The findings will be presented at the ICA Cooperative Congress in Seoul in 2021.
“The idea is to use the Congress as a place where we can present not just another study about youth but also provide a list of good practices and methodologies participants can take back home, test and replicate in various enterprises and movements,” adds Mr Chaillou.
It will be up to the next executive committee to decide the course of action going forward.
“The Congress will be a great moment in the co-operative history,” says Mr Chaillou. “We would like to use it as good opportunity to engage with the movement and have a large number of young people attending.”
At its 2019 General Assembly in Kigali, the ICA adopted a resolution from its Youth Network, asking its board to review the bylaws, articles and budget regarding youth. The resolution calls for the inclusion, with voting rights, of a youth representative on the boards of the ICA regions. The Africa and Americas regions already have youth representation on their boards.
It also suggests including the youth action plan in the ICA global strategy, with an allocated budget. The network expects an answer on the resolution proposals from the ICA global board in the coming months.
Another key aim is to keep attracting new members. After the Global Youth Forum in Kuching, the network increased membership by 50%.
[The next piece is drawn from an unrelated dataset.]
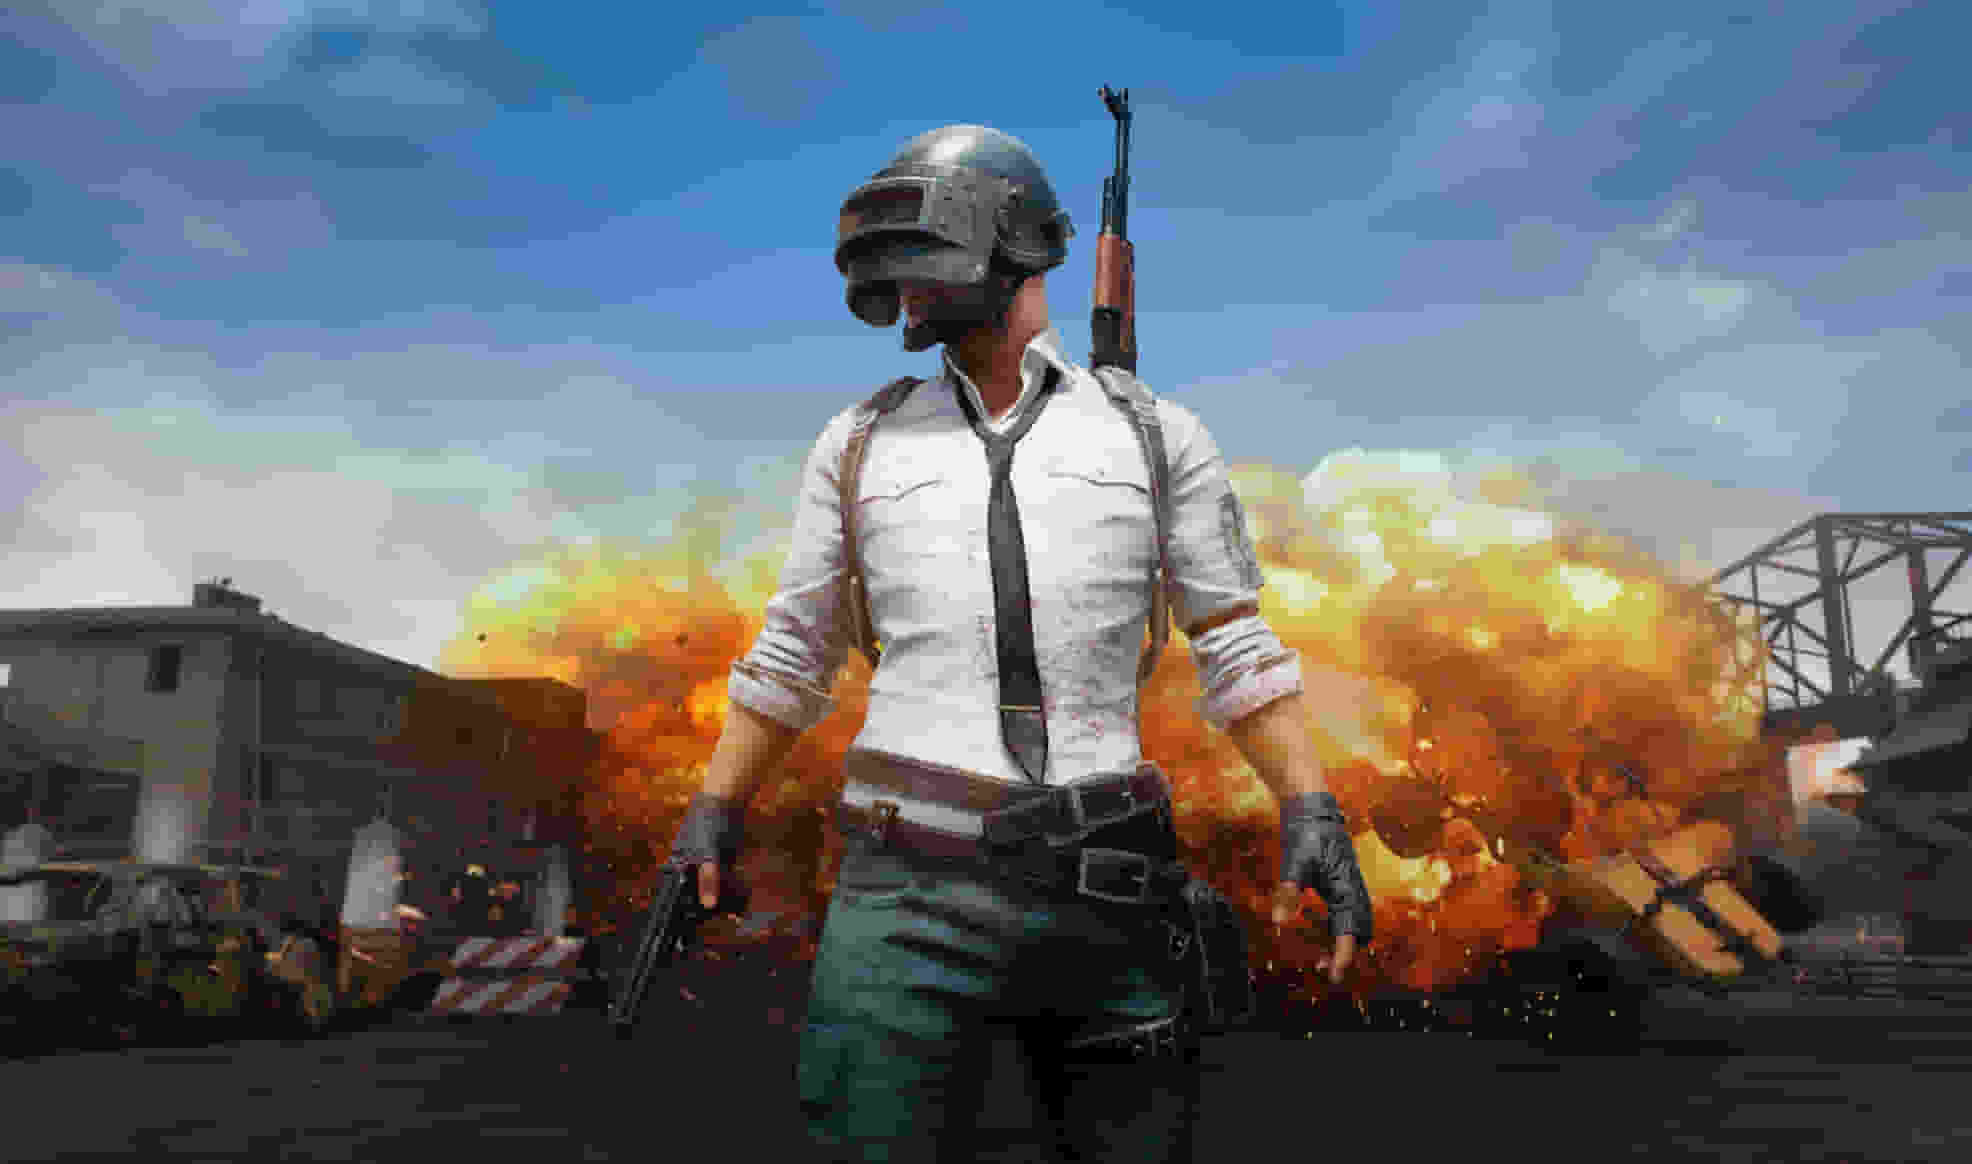 how to pre register for battlegrounds mobile india, how to pre register battlegrounds mobile india, pre register for battlegrounds mobile india, how to pre register for pubg mobile india, pre register pubg mobile india, how to pre register pubg mobile india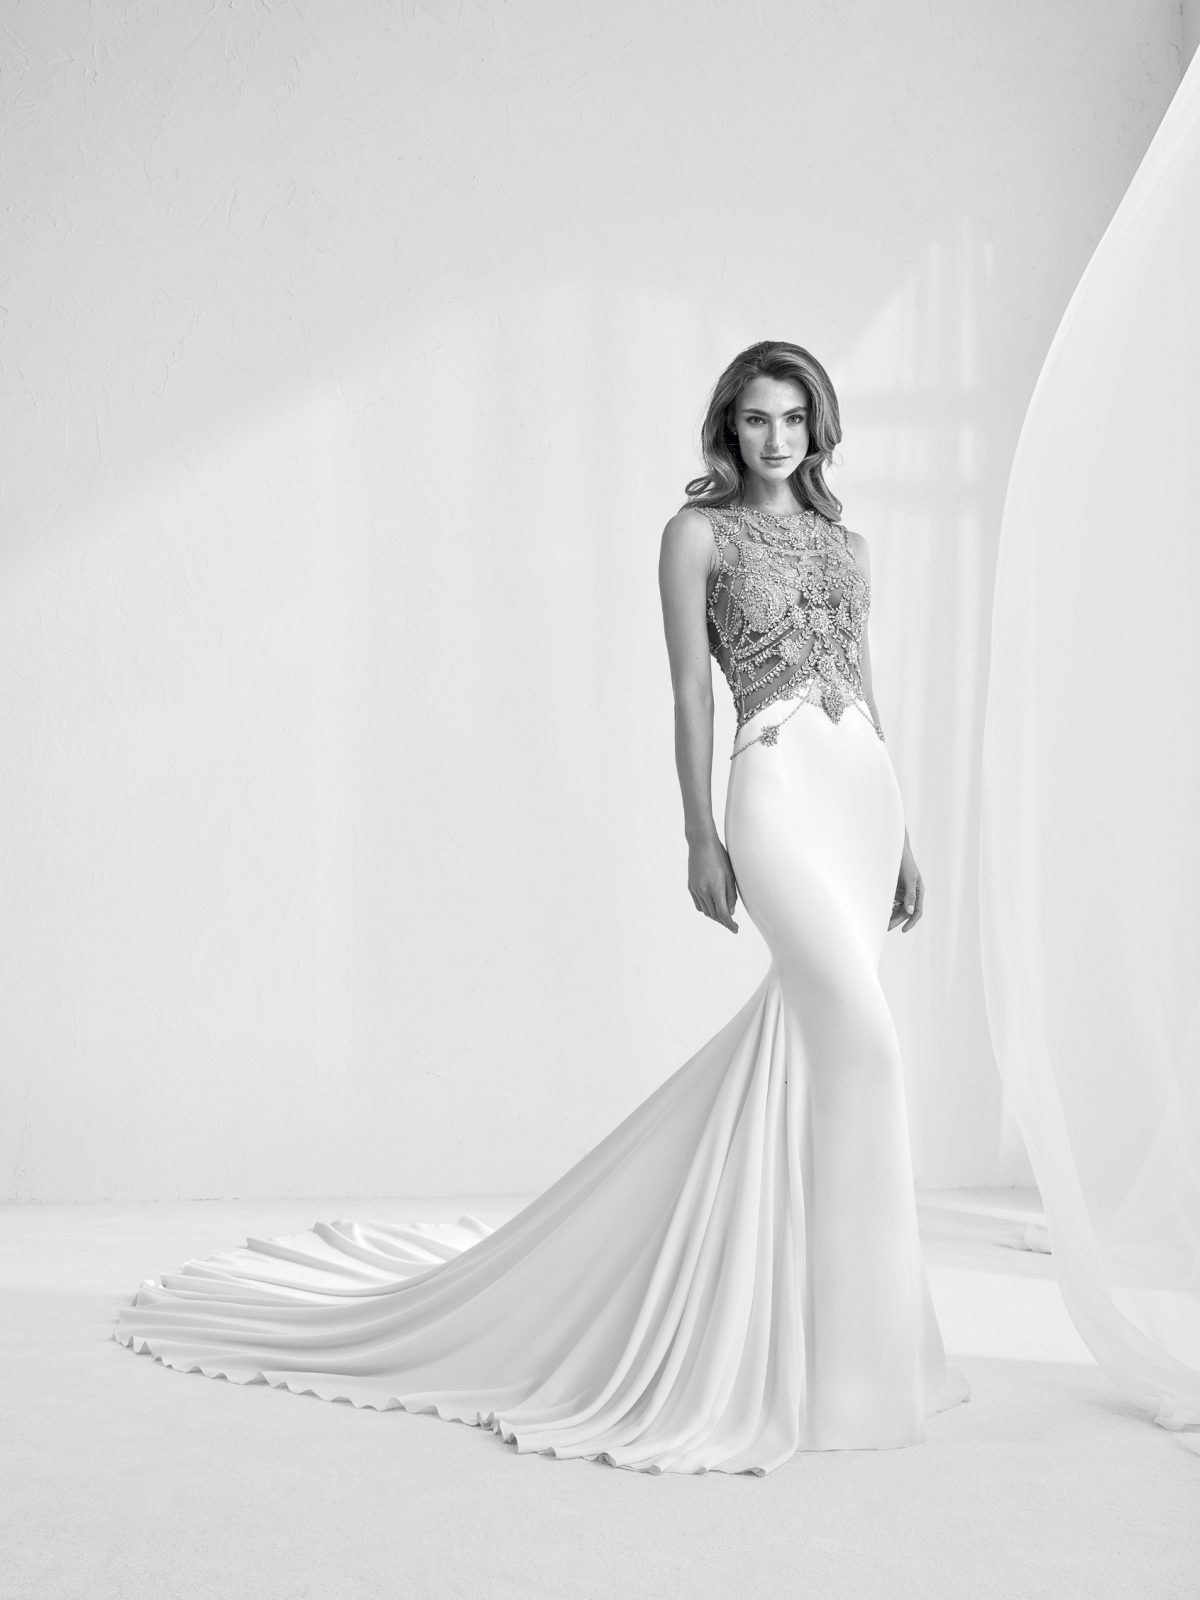 Fall in love with the Pronovias 2018 Bridal Preview Collection - Perfete

“The main task we have before the end of this youth executive committee mandate is to continue to enlarge the number of members of the network to be able to include them tomorrow in a new global strategy, and to have them vote for their representatives, and give their insight for what we could be the next four-year objective,” says Mr Chaillou.
“But the idea is to use the Congress as a moment, to redefine the strategy of the youth committee. And my job as the representative whose mandate will finish in 2021 is to present a report of what has been done over the past years, and show that the reason we’ve done so many projects is not just because the team and the people were great, but also because it’s the first time the youth movement chose its own representatives and we want to prove that when you choose the people to lead you are also more inclusive and available to help, join projects provide resources and join a real movement.
“So the idea is to use what we’ve done as a proof that the ICA and the co-op movement in general should improve and strengthen the youth participation and democracy within the movement to get more and more people and included and also to have more action done.”
Has the role of youth increased within the global co-operative movement? Mr Chaillou thinks important achievements have been made over the past 10 years.
“It’s interesting to see that youth is no longer just about the future of the movement. It is now described as the present of the movement, as something we need to do now and not in the future.”
His place on the global board of the ICA has given him the chance to contribute to setting out the ICA’s strategy, he adds.
“I don’t feel like someone who would just have to talk only about the youth aspect. So, at the global level I think it’s done,” he says, adding that more things could be achieved on regional and sectorial boards, some of which do not currently have youth representation.
“I discovered the movement six years ago. I see a huge difference in between co-operative concerns six or seven years ago and now in terms of inclusivity. Things are moving in the right direction.”